The next stage is to create logical volumes from the volume group. These logical volumes can be called anything at all, therefore allowing meaningful naming conventions to be implemented. From the volume group in Figure 7.17, we could create a single volume four times larger than a physical disk. This would create a very large logical volume, but it would be practically useless because it is likely that the I/O would be concentrated within a small portion of the volume's total size.
In order to create a more useful volume, we would instruct the volume manager to create it (or, more likely, a smaller one) but to use a stripe (or chunk) width somewhat smaller than that of a physical disk. If we use a 128KB stripe width, the volume manager will go off and distribute the volume across the disks 128KB at a time, round-robin fashion.This means that a read of 512KB in the example above would include all drives in the volume group.![]()
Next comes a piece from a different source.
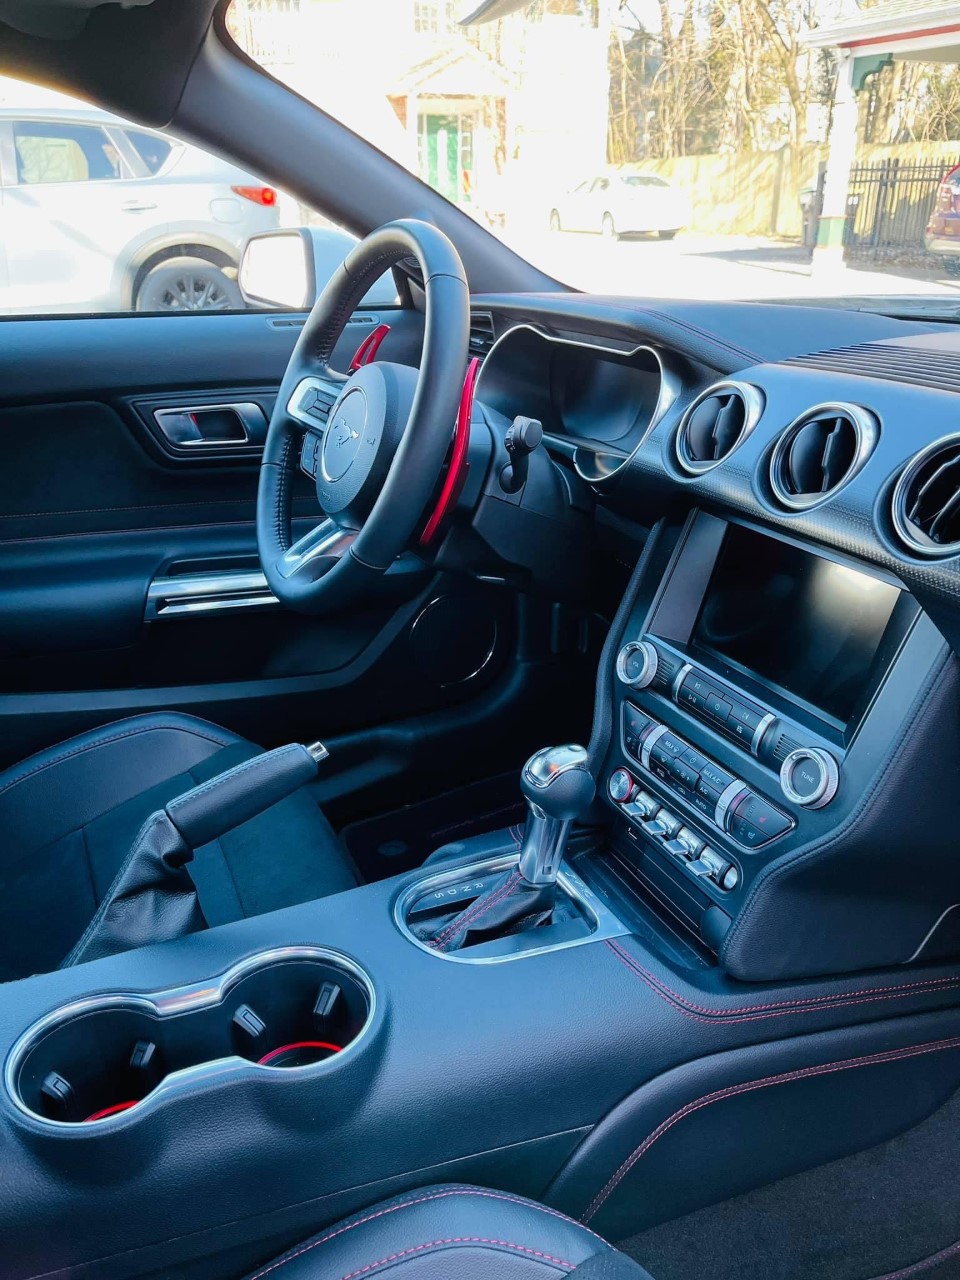 S650 Mustang The new dashboard is a big mistake IMO thumbnail_image0

In Figure 7.18, six logical volumes have been created from the "bucket" of space in the volume group. All of these volumes are striped across all the disks within the volume group.
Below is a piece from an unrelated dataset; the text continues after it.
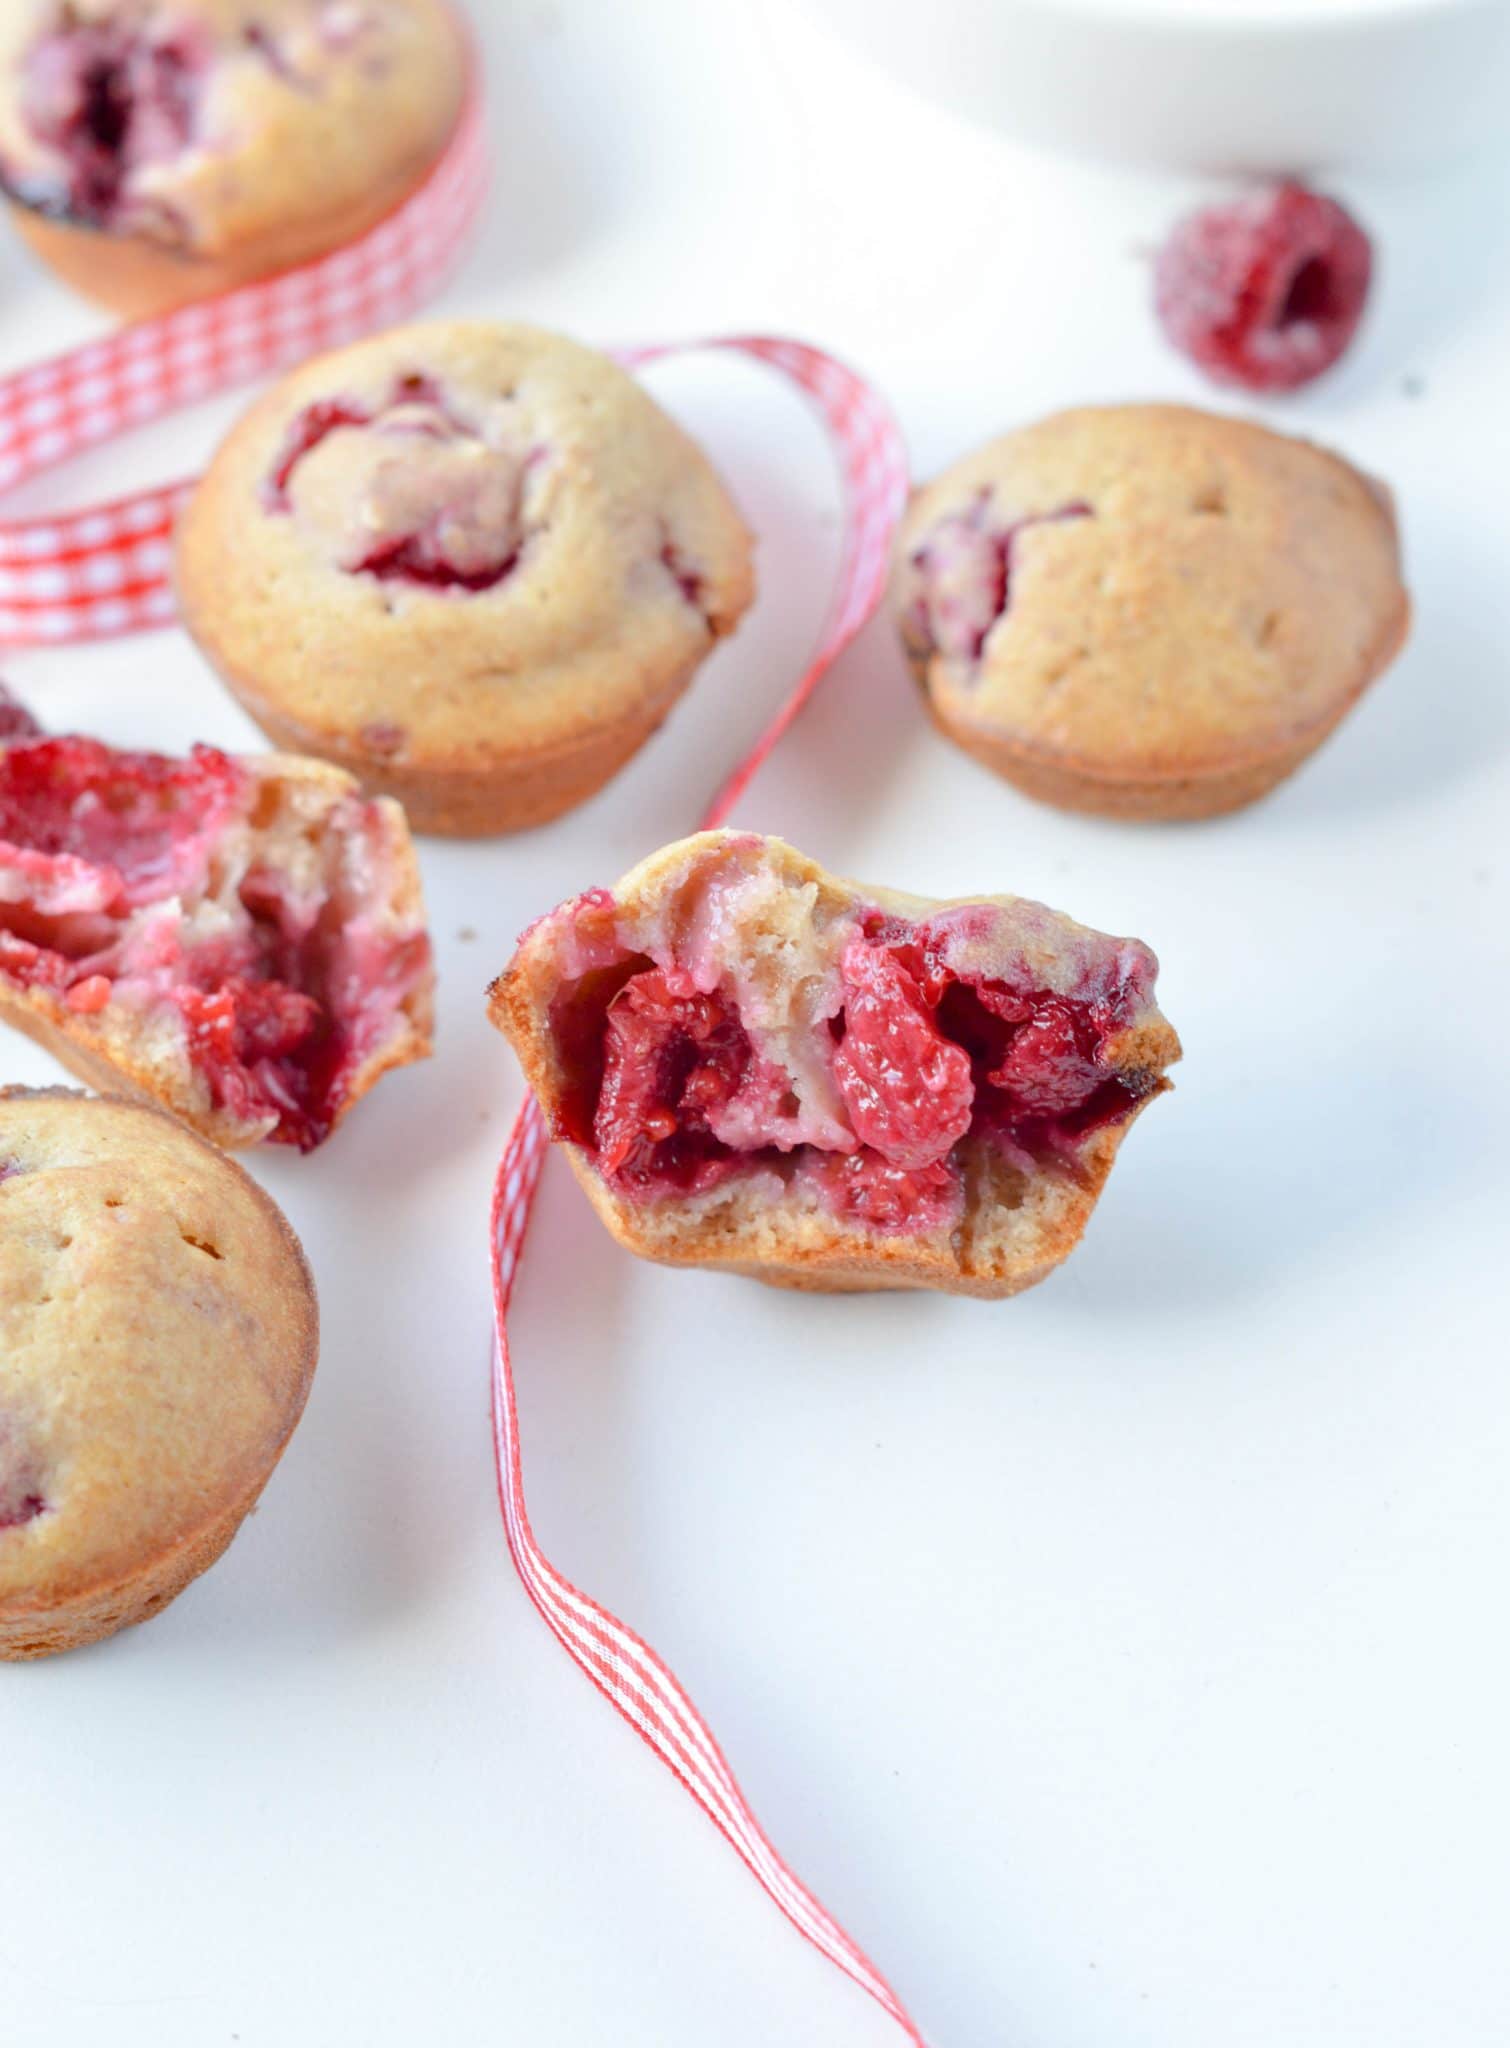 Keto raspberry muffins, a moist almond flour muffin recipe with 1 g net carb and juicy raspberries

At this point, the operation of software RAID is the same as that of hardware RAID but is calculated and initiated from the host. This has two implications on the host processing. First, the administration of the RAID subsystem is now a task that the operating system must be concerned with, increasing the cost of any given I/O operation initiated on those devices. While this is a fairly small increase, it is something that should not be overlooked.
The second implication is, for the most part, valid only when LVM-based mirroring is used. When mirroring from the host, the host must make write requests to two controllers for every write request. This increases the bus utilization on write-intensive applications. In addition, when the system crashes, the host comes up trusting only one side of the mirrored pair. The other side of the mirror is marked STALE and is in need of resilvering. Although this is a process that Oracle is now involved in,16 the traditional approach to it was to perform a full disk-to-disk copy from the active side of the mirror to the stale side of the mirror. While this copy is in progress, all new writes must also be written to both sides, whereas all reads come only from the active side. This can have an enormous impact on the I/O throughput of the system, and an even bigger impact on the available CPU capacity on the system, because this operation is very CPU-intensive.
As UNIX systems became more powerful and complex, it became apparent that there was a need for some way to allow processes to communicate in order to coordinate processing of common workloads. All types of such communication are known as interprocess communication (IPC). The first and most basic form of IPC comes in the form of the pipe.
A pipe is initiated by a process prior to forking a child process. The pipe() system call opens two file descriptors. One of these descriptors is open for reading, and the other is open for writing. In this preliminary state, anything written to the write descriptor will be available for reading from the other file descriptor. This is not very useful until a fork() call is made.
After the fork() call has been made, both processes retain all the open files that the parent had before the call. The parent closes the read file descriptor, and the child closes the write descriptor, and now there is a useful way to communicate between the processes. At this stage the communication is unidirectional only; if two pipe() calls had been made, bidirectional communication could be set up.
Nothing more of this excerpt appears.